- _ABOUT THIS EXERCISE_
Print the data below verbatim, minus images.

- _COLLECTED DATA_
<<<<

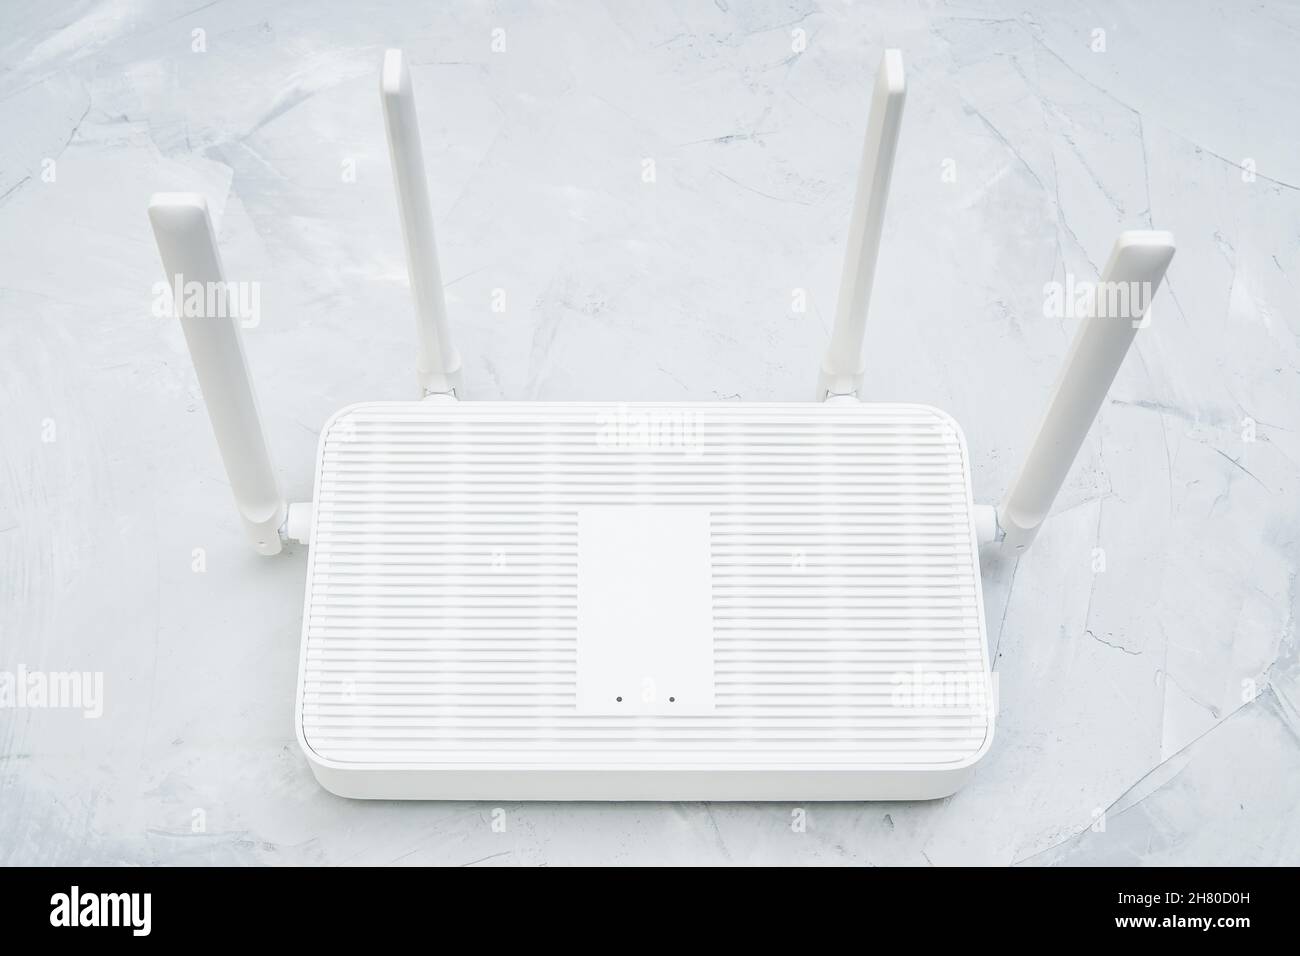 Vista dall'alto di un router wi-fi 6 dual band con quattro antenne posizionate su un tavolo in cemento Foto Stock
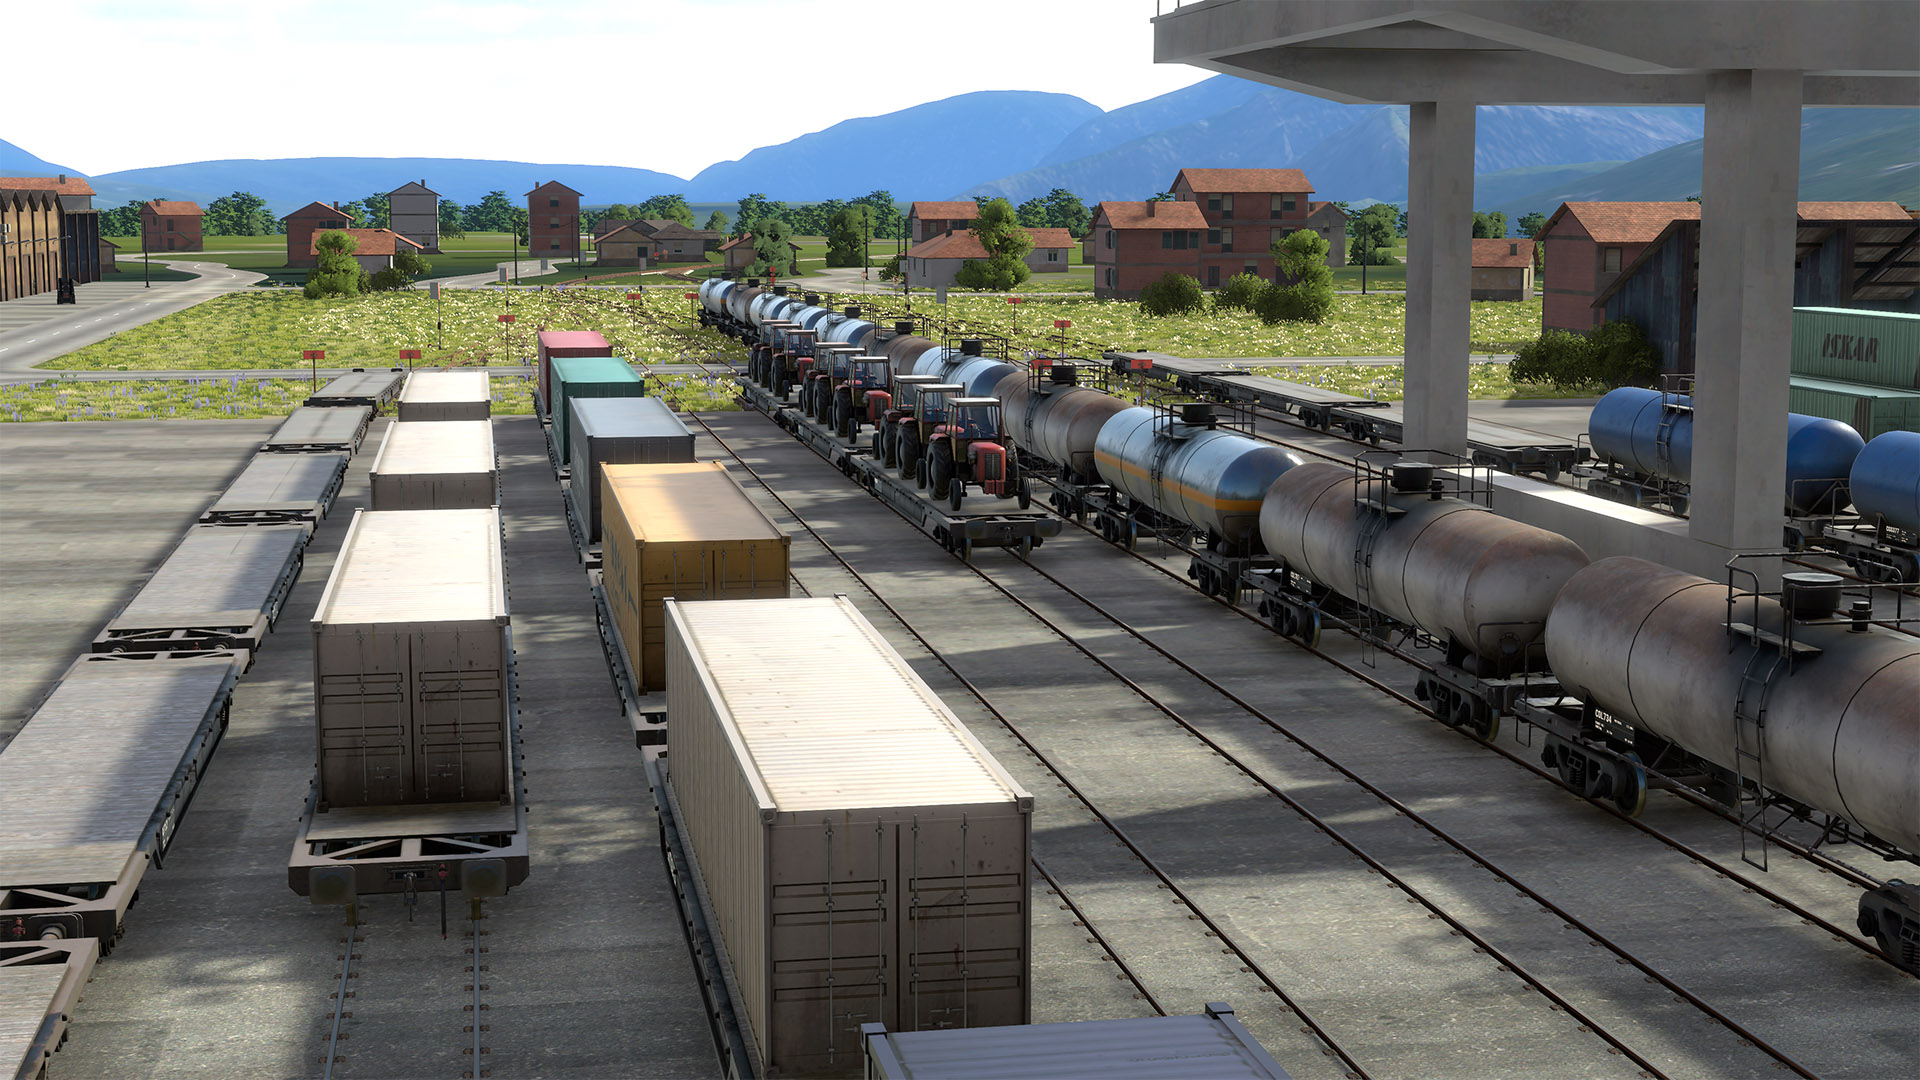 derailvalley-train-yard-tractors-machine-factory-4k.jpg
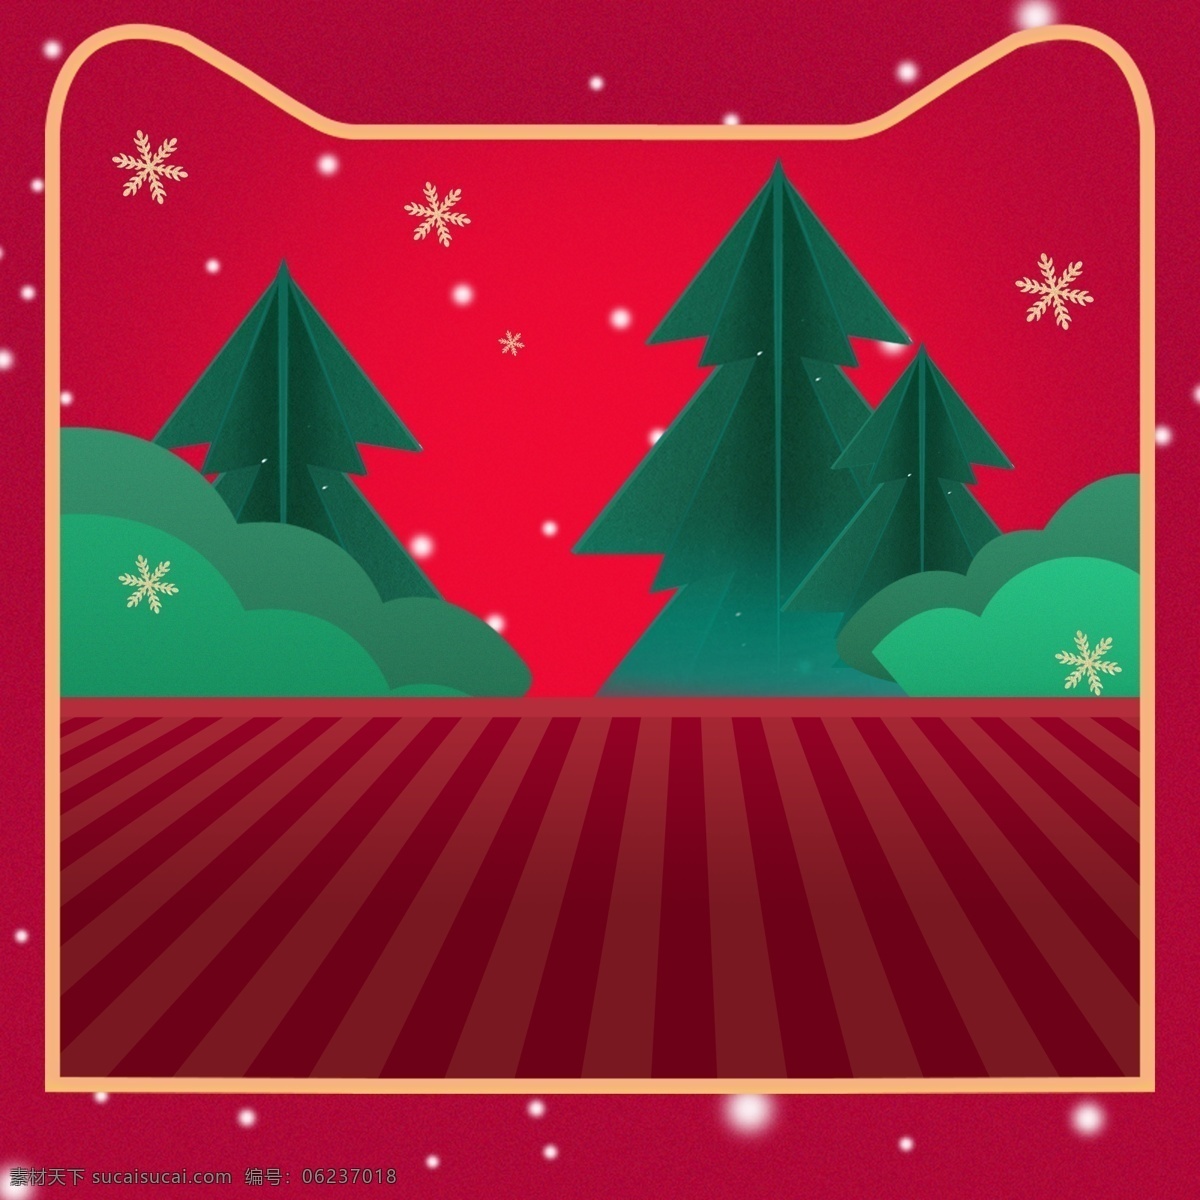 红色 圣诞 主 图 背景 雪花 圣诞树 红色背景 圣诞背景 主图背景 直通车
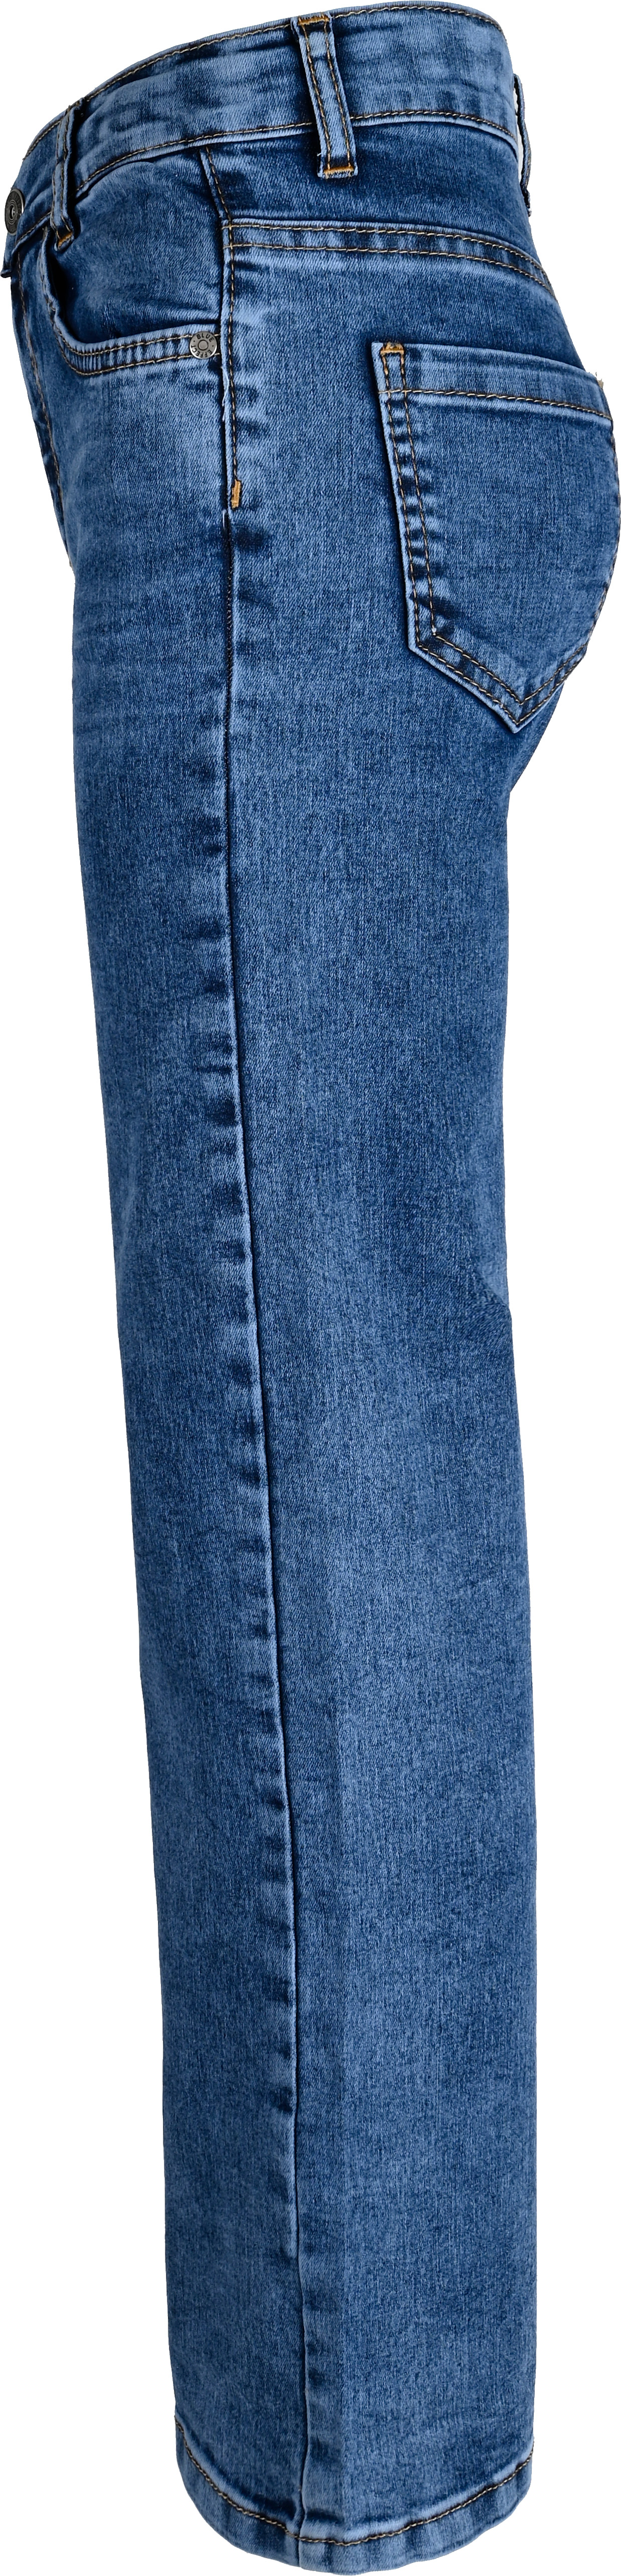 1304-NOS Girls Wide Leg Jeans verfügbar in Slim,Normal

>>>>

- _RESULT BELOW_
 Vista dall'alto di un router wi-fi 6 dual band con quattro antenne posizionate su un tavolo in cemento Foto Stock
 derailvalley-train-yard-tractors-machine-factory-4k.jpg
 红色 圣诞 主 图 背景 雪花 圣诞树 红色背景 圣诞背景 主图背景 直通车
 1304-NOS Girls Wide Leg Jeans verfügbar in Slim,Normal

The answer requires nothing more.